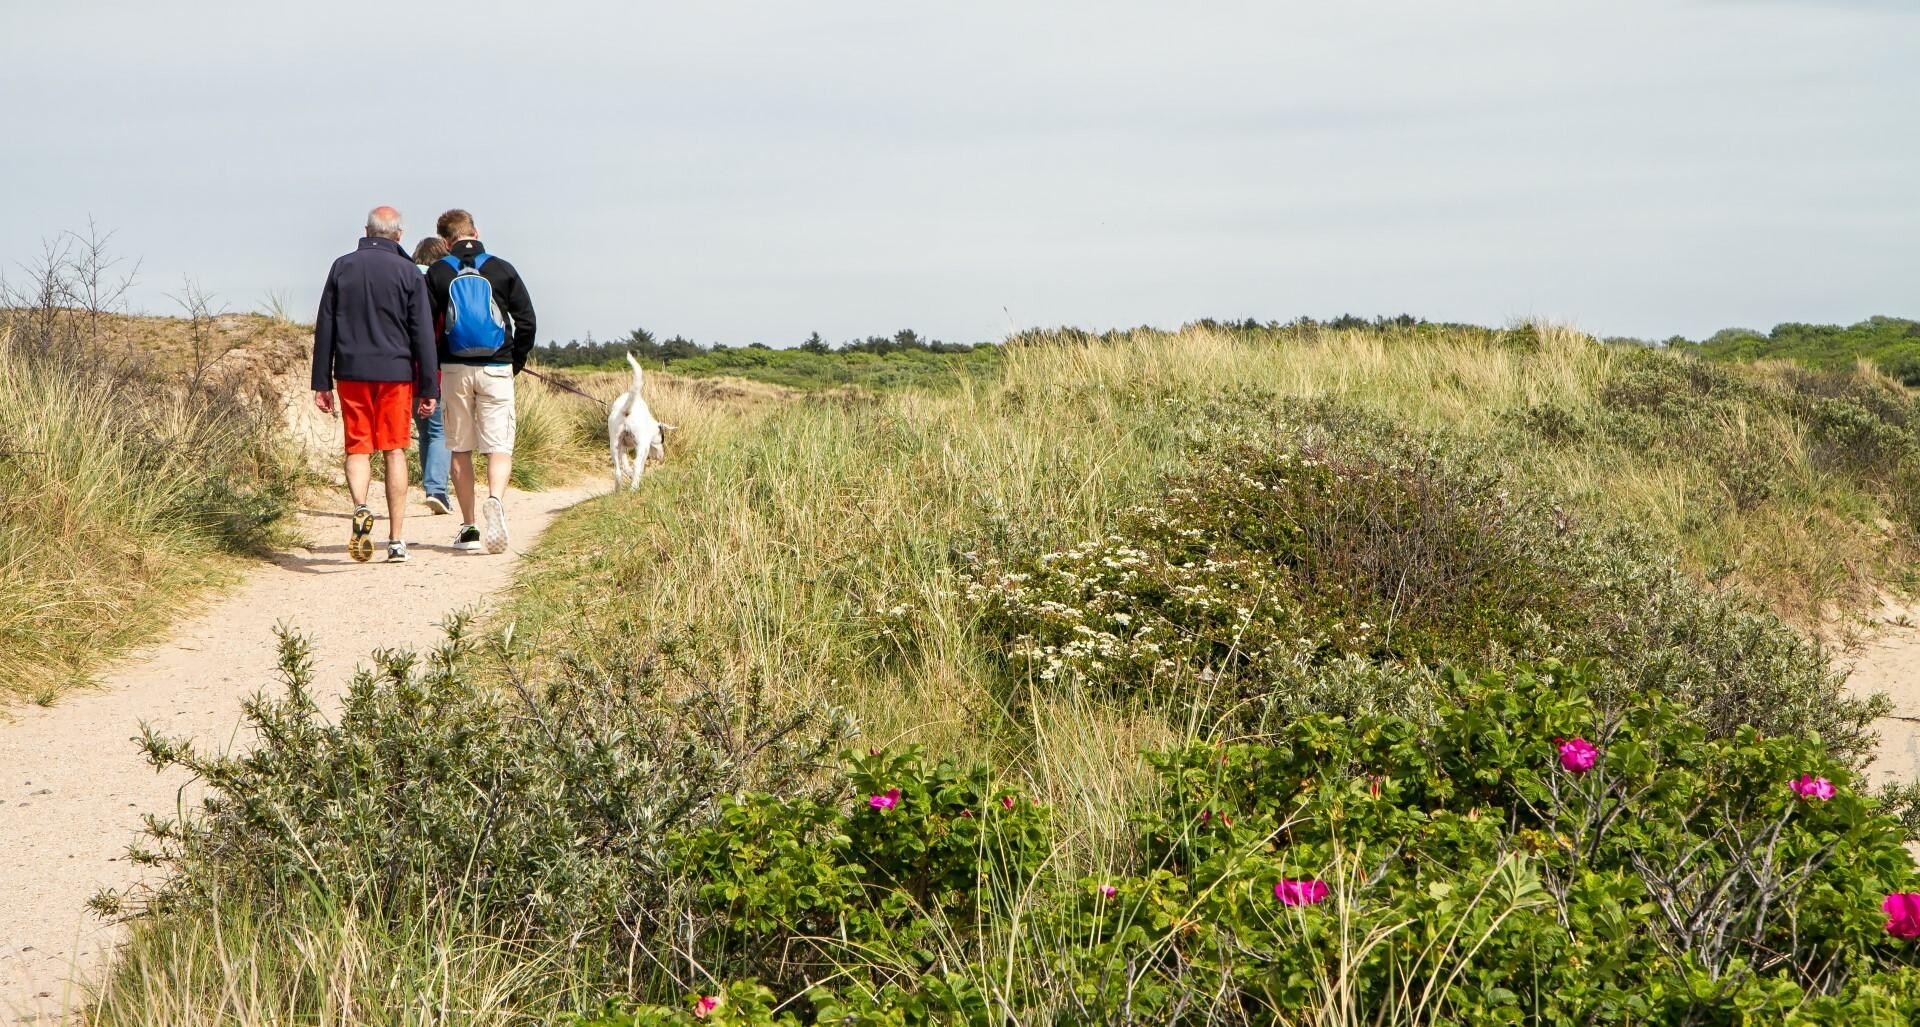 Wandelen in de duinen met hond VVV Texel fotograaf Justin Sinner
+===+
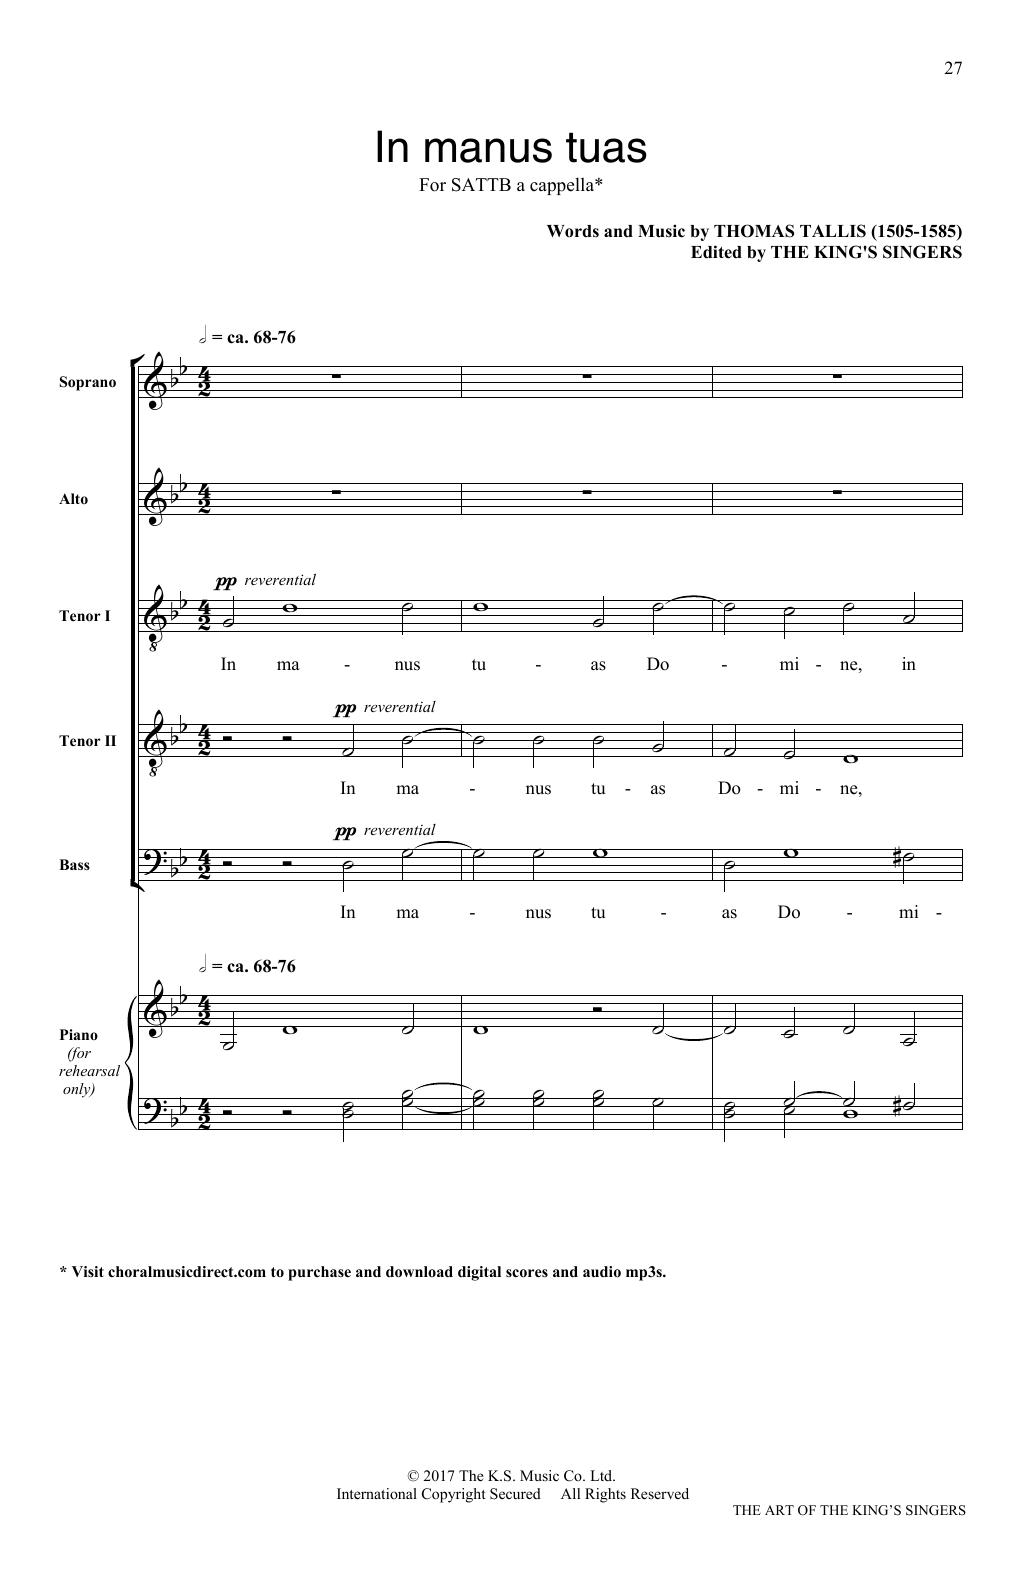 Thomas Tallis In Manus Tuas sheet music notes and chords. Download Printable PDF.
+===+
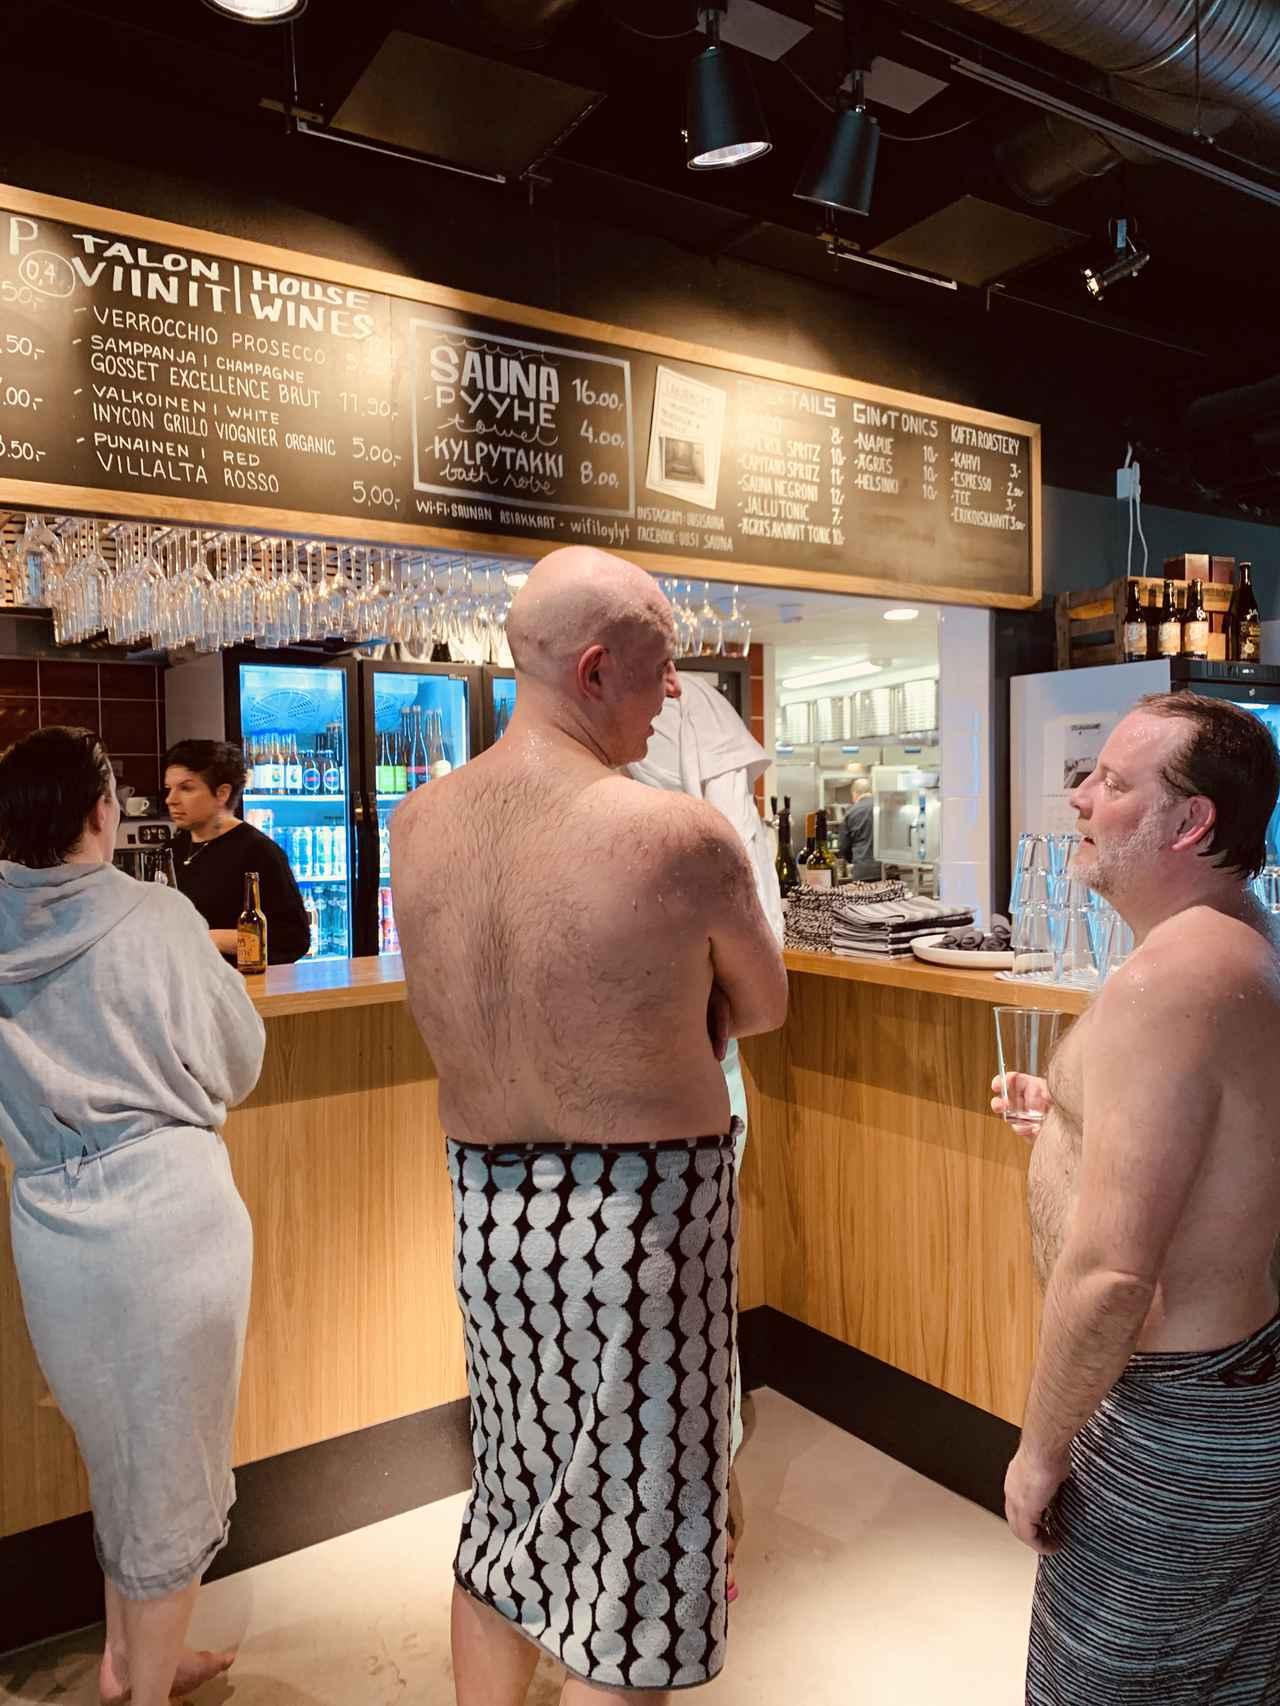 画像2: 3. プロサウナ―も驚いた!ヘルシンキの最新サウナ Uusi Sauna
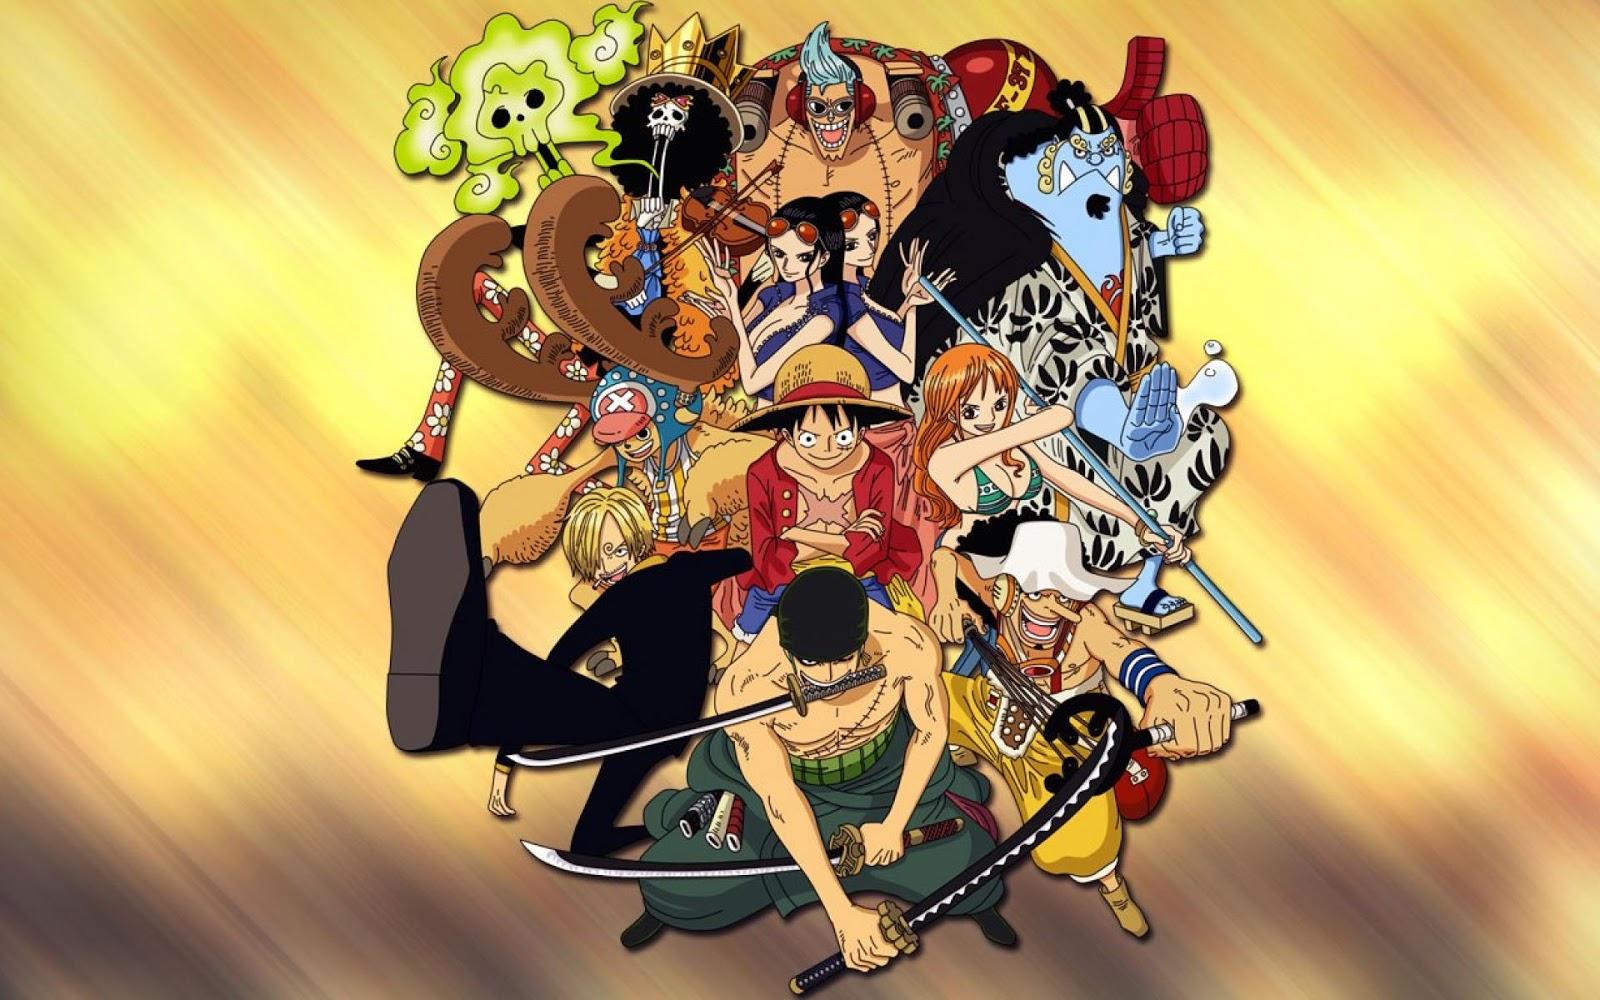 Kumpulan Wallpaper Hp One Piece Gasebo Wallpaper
+===+
=== About this exercise ===
Within the listing above, find the line containing "画像2: 3. プロサウナ―も驚いた!ヘルシンキの最新サウナ Uusi Sauna" and the line containing "Kumpulan Wallpaper Hp". Transcribe them and everything between them exactly, leaving out the pictures.

=== Exercise solution ===
 画像2: 3. プロサウナ―も驚いた!ヘルシンキの最新サウナ Uusi Sauna
 Kumpulan Wallpaper Hp One Piece Gasebo Wallpaper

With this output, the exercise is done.